Per-sample empirical Fisher: $\hat{\mathcal{I}} = \frac{1}{n} \sum_{i=1}^n s(\theta; x_i) s(\theta; x_i)^\top$, where each $s(\theta; x_i)$ is the per-sample gradient. The diagonal of this is $\frac{1}{n} \sum_i [s(\theta; x_i)]^2$, the mean of per-sample squared gradients.
Mini-batch gradient outer product: $g_t g_t^\top$, where $g_t = \frac{1}{|B|}\sum_{i \in B} s(\theta; x_i)$ is the batch-averaged gradient. The diagonal is $g_t^2$.

Adam tracks the second one, not the first. These differ because $(\frac{1}{n}\sum_i s_i)^2 \neq \frac{1}{n}\sum_i s_i^2$ in general. The distinction is discussed by Kunstner et al. (2019), who show that neither version generally approximates the true Fisher well away from critical points.
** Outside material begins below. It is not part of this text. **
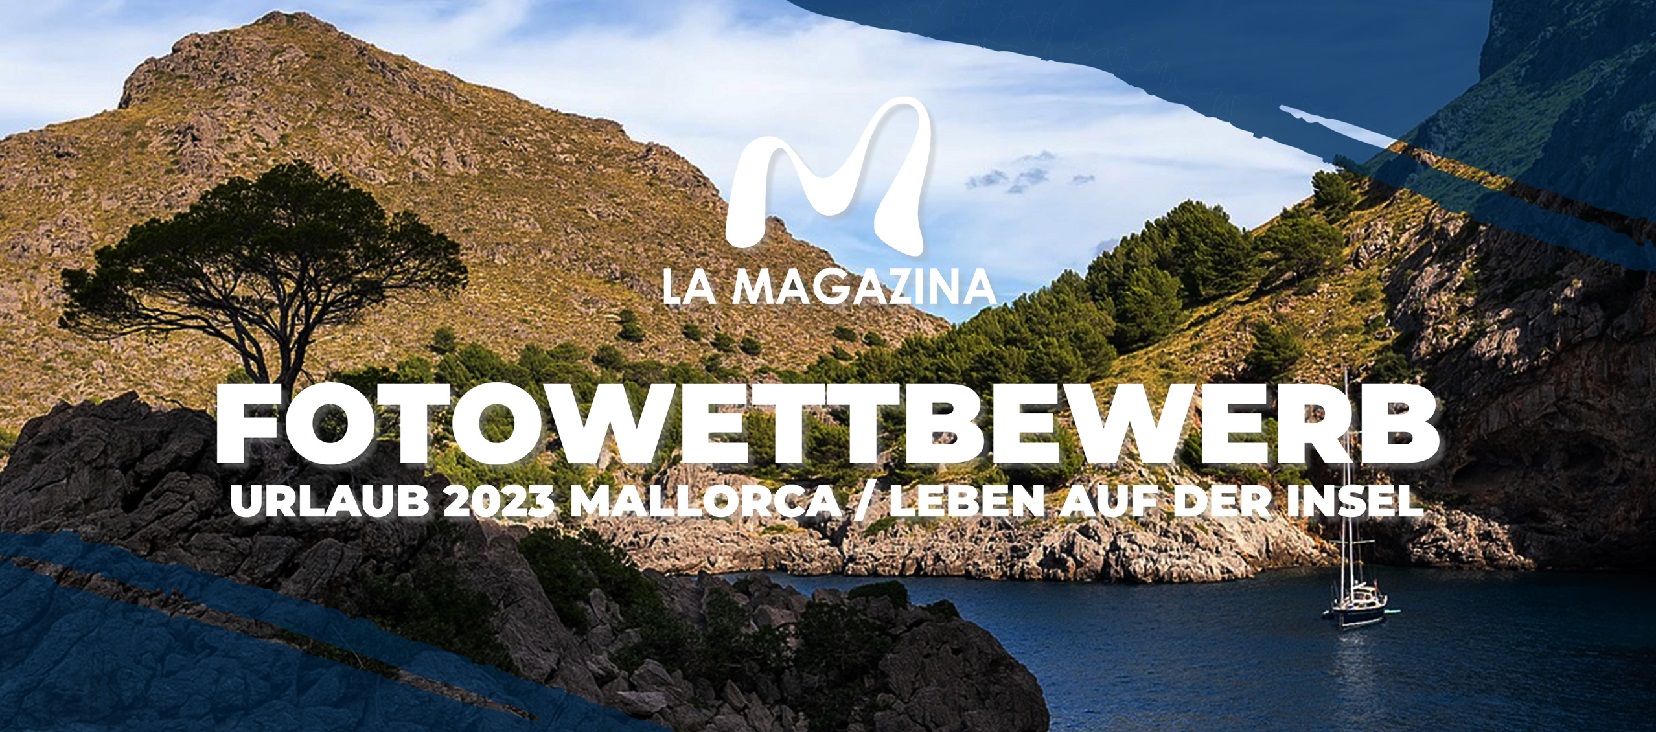 LAMAGAZINA FOTOWETTBEWERB 2023 | Mallorca Online Magazin | LaMagazina

The connection between Adam and natural gradient is real but requires four simplifications to make exact:

Drop bias correction. Remove the $1/(1 - \beta_2^t)$ warmup term.
Drop epsilon. Set the numerical stability constant to zero.
Drop the square root. This is the big one. Adam divides by $\sqrt{\hat{v}_t} + \epsilon$. The natural gradient preconditioner divides by $\hat{v}_t$. Adam is using a square-root preconditioner: $\text{diag}(\hat{v}_t)^{-1/2}$ rather than $\text{diag}(\hat{v}_t)^{-1}$. These are different objects with different scaling properties.
Accept the empirical Fisher. The true Fisher is $\mathbb{E}{x \sim p\theta}[s(\theta; x) s(\theta; x)^\top]$, an expectation under the model’s distribution. The empirical Fisher uses the training data distribution. They agree when the gradient is zero (i.e., at critical points of the expected log-likelihood, where the model’s distribution matches the data distribution in the relevant sense). In practice you are almost never at such a point.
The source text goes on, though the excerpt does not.